I Wish Someone Were Waiting for Me Somewhere
- First French edition
- Author: Anna Gavalda
- Original title: Je voudrais que quelqu'un m'attende quelque part
- Translator: Karen L. Marker
- Language: French
- Genre: Short stories
- Published: 1999 in French 2003 in English
- Pages: 208
- Awards: Grand prix RTL-Lire (2000)
- ISBN: 9781101215647

= I Wish Someone Were Waiting for Me Somewhere =

I Wish Someone Were Waiting for Me Somewhere (French: Je voudrais que quelqu'un m'attende quelque part) is a collection of twelve short stories written by Anna Gavalda.

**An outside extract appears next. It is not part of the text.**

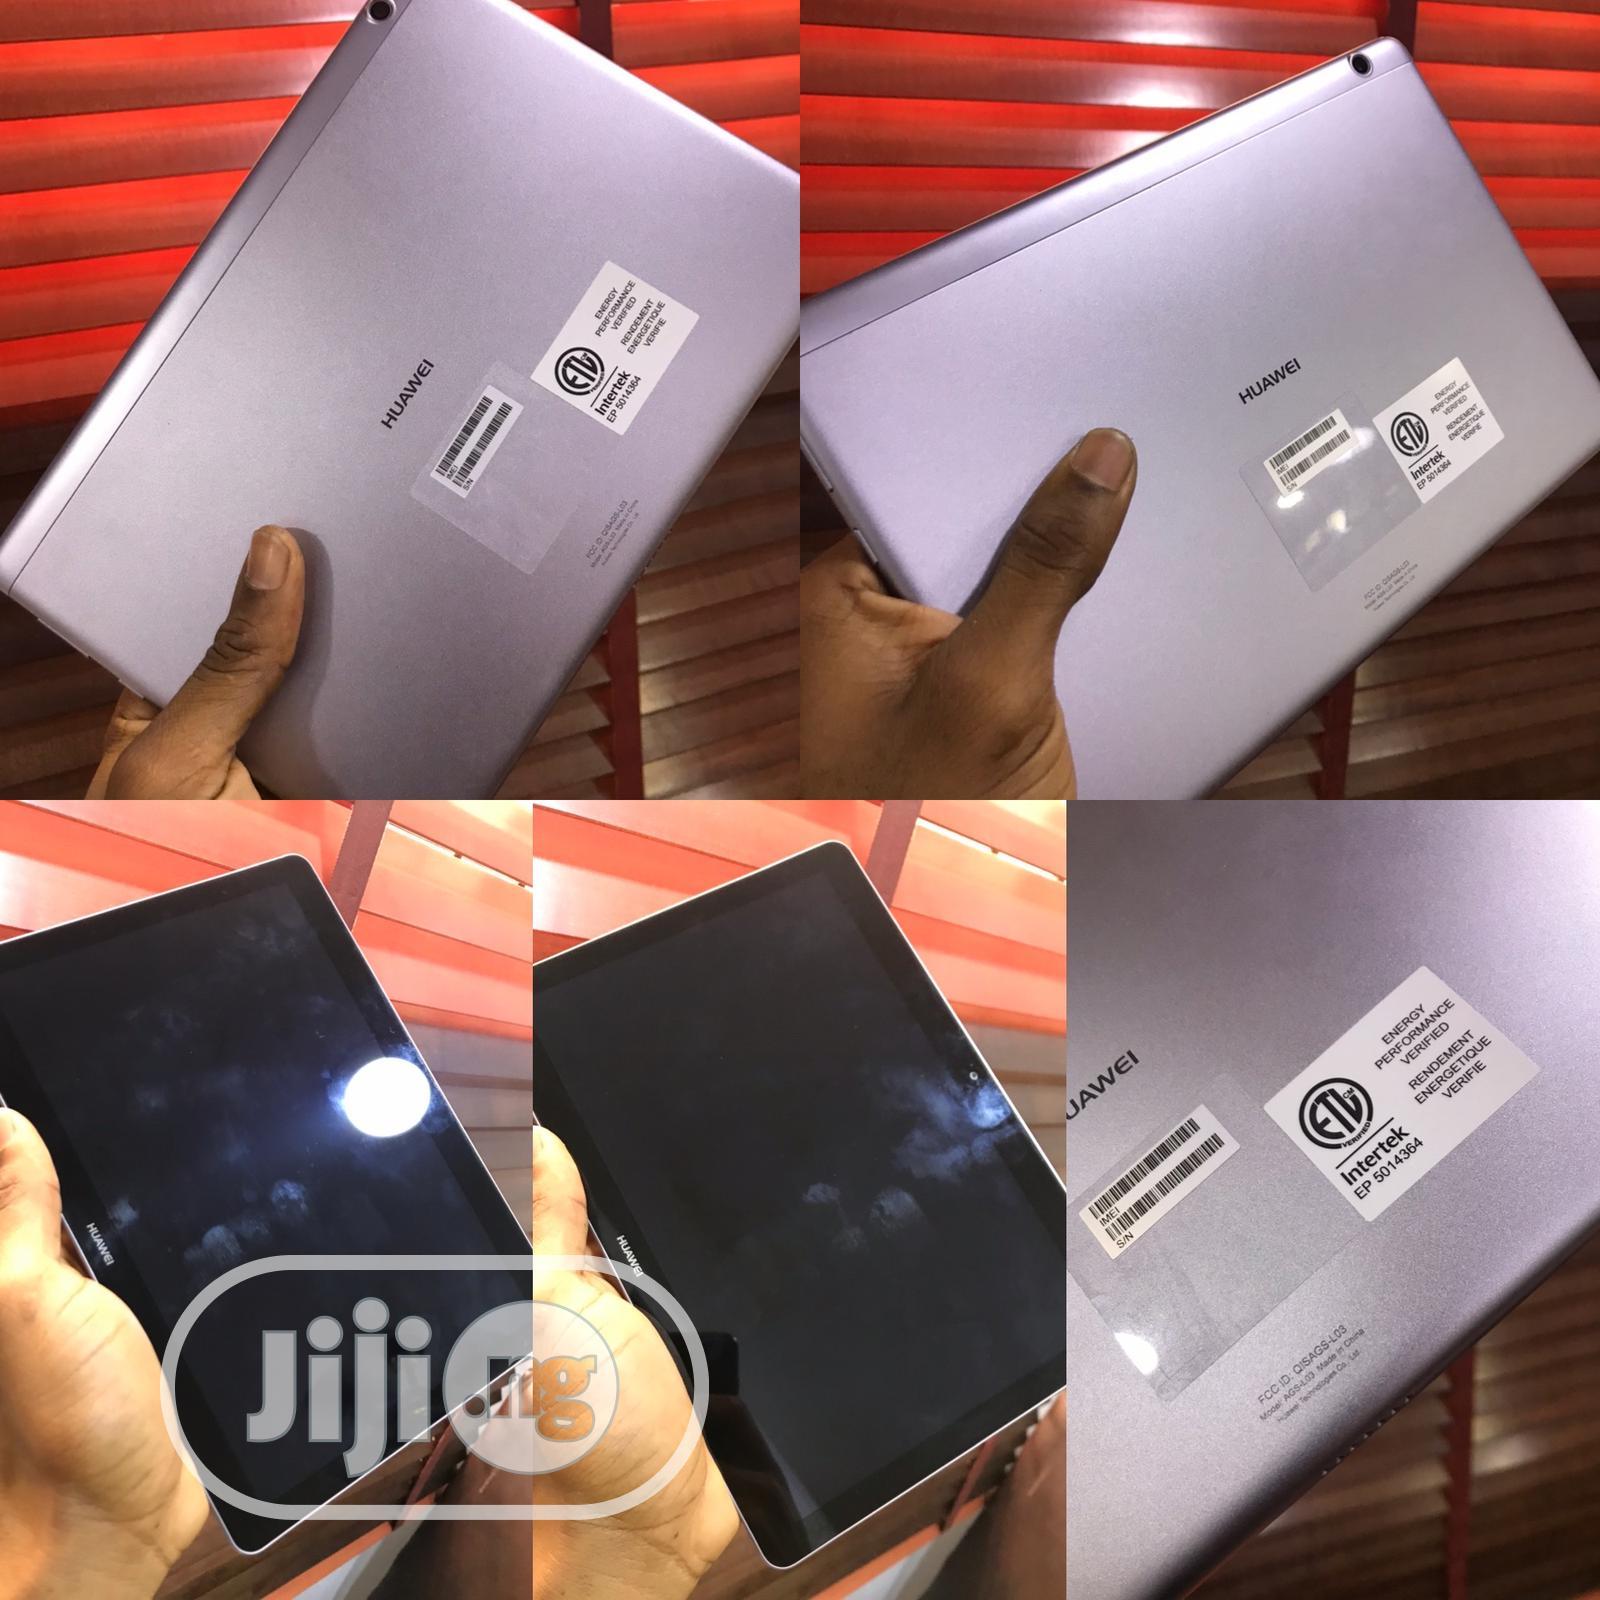 Huawei MediaPad T3 10 32 GB Gray

It was written in French and published in 1999. It is the first book published by Anna Gavalda and it was awarded the Prix Contrepoint in 2001.

== Reception ==
I Wish Someone Were Waiting for Me Somewhere was first published in 1999 under the title Je voudrais que quelqu'un m'attende quelque part that met with both critical acclaim and commercial success, selling more than three-quarters of a million copies in her native France and winning the 2000 Grand prix RTL-Lire.

"Her books have both wit and a whimsical charm" (The Sunday Telegraph).

== Adaptation ==

=== Film ===

- 2019: I Wish Someone Were Waiting for Me Somewhere by Arnaud Viard.